Liquid filled toriod

My coffee maker use little toroids filled with liquid creamer. When I flip the creamer disk (like you would flip a coin) the creamer cup changes its axis of rotation...how are the dynamics of the liquid generating the net torque to accomplish this?

Originally posted by joe shmo
My coffee maker use little toroids filled with liquid creamer. When I flip the creamer disk (like you would flip a coin) the creamer cup changes its axis of rotation...what is generating the net torque to accomplish this?

I'm not sure I get the set up, how is this different to the effect with, for example, a gyroscope where there is an effect at right angles to the applied torque and axis of rotation?

Originally posted by DeepThought
I'm not sure I get the set up, how is this different to the effect with, for example, a gyroscope where there is an effect at right angles to the applied torque and axis of rotation?

Imagine a puck lying flat on a table, put the origin of the standard three dimensional coordinates system through its centroid or CM. I induce a rotation about the "x" axis. The end result is the rotation is still about the "x" axis, but the puck has reoriented it self such that there is a combined 90 degree rotation about the "x" axis and a 90 degree rotation about the "z" axis. The rate at which this occurs also "appears" to have some dependency on the initial angular velocity of the puck. This does not happen with a solid puck, just one with liquid in it...This is different from gyroscopic procession of a top, right?

Originally posted by joe shmo
Imagine a puck lying flat on a table, put the origin of the standard three dimensional coordinates system through its centroid or CM. I induce a rotation about the "x" axis. The end result is the rotation is still about the "x" axis, but the puck has reoriented it self such that there is a combined 90 degree rotation about the "x" axis and a 90 degree rota ...[text shortened]... puck, just one with liquid in it...This is different from gyroscopic procession of a top, right?

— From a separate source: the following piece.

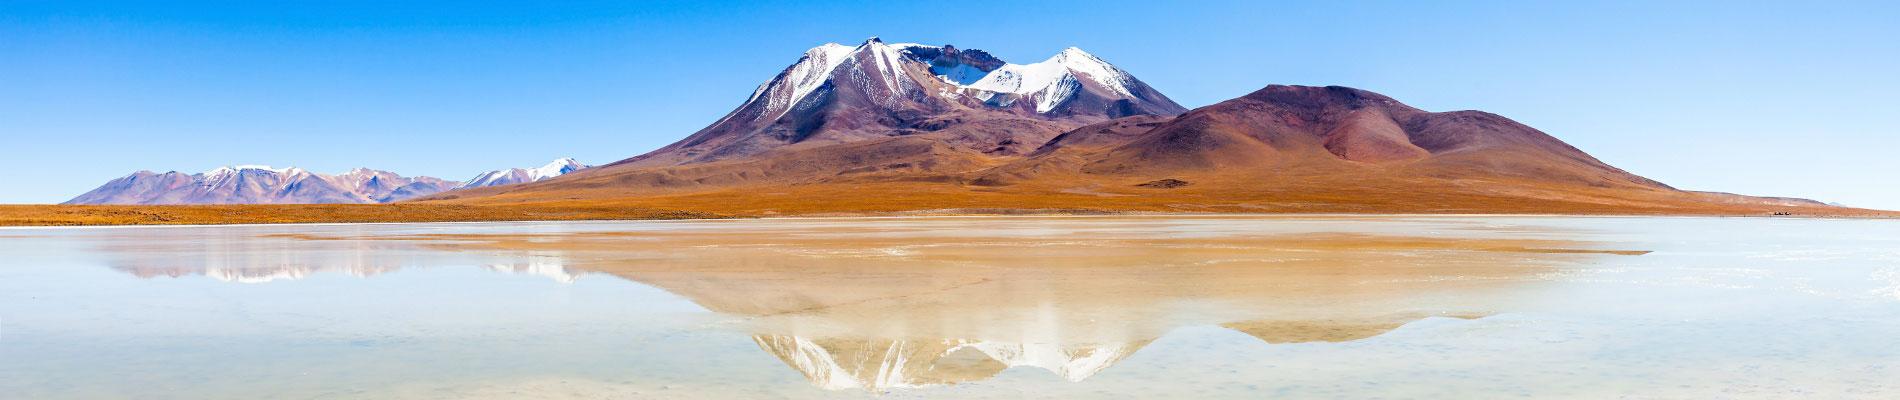 bolivie-altiplano-st
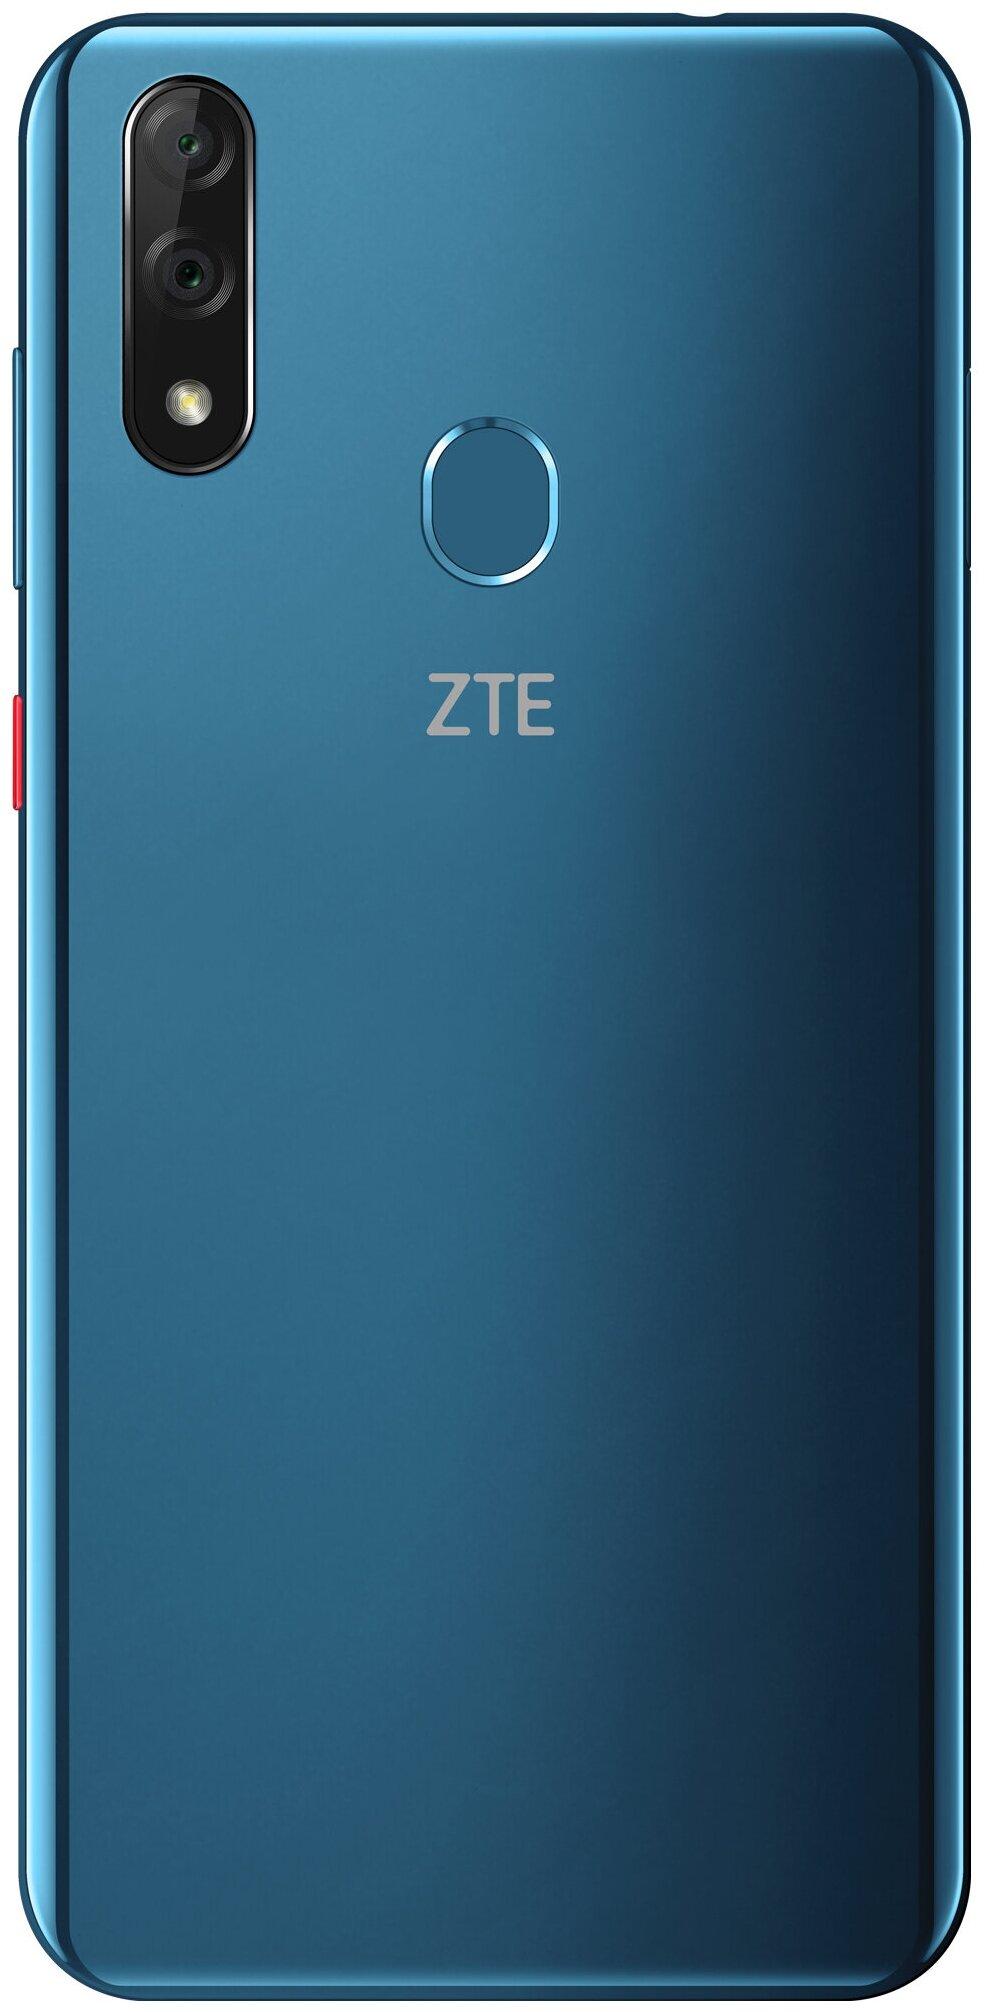 ZTE Blade V10 - интернет: 4G LTE

Is the direction of the additional rotation consistent, or does it always turn the one way?

Originally posted by DeepThought
Is the direction of the additional rotation consistent, or does it always turn the one way?

The direction of the compound rotation may or may not be consistent, I can't tell. One face is printed, I've only observed it stabilizing in two orientations, the one I described above, and 180 degrees from it. Another observation: it always appears to stabilize at or around the apex of the trajectory.

Originally posted by joe shmo
The direction of the compound rotation may or may not be consistent, I can't tell. One face is printed, I've only observed it stabilizing in two orientations, the one I described above, and 180 degrees from it. Another observation: it always appears to stabilize at or around the apex of the trajectory.

The only things I can think of is random design variation in the donut thing and effects from trapped air bubbles. There are two ways a bubble could plausibly influence it. When the thing is tipped up the air bubble moves up in the tube so fluid moves the other way. This would produce a net rotation of fluid in the tube at right angles to the tipping so we'd expect the effect. The plus with this explanation is that it would explain variation in the direction of turning, as that would depend on which side the bubble is moving. The problem with it is that I really wouldn't expect the effect from the displacement of an air bubble to be big enough to do it.

The alternative is simply that the air bubble makes the thing slightly heavier on one side so the torque you apply isn't quite around the axis you think it is. I'm not happy with this explanation because I'd still expect it to be too small an effect.

So the basic problem with bubble based explanations is that I find it difficult to believe the effect would be noticeable. Are you sure this isn't a feature of the surface of the toroidal cream holder thing. I'm imagining a donut type thing made by sticking two halves together with the join around the outside edge, so that if you rolled it along the join would be along the point of contact with whatever surface it is rolling on. If the join sticks out at all it might provide the explanation to this rather than anything to do with movements of the fluid in the torus.

Originally posted by joe shmo
My coffee maker use little toroids filled with liquid creamer. When I flip the creamer disk (like you would flip a coin) the creamer cup changes its axis of rotation...how are the dynamics of the liquid generating the net torque to accomplish this?

Is it possible for you to make a little youtube video of the device?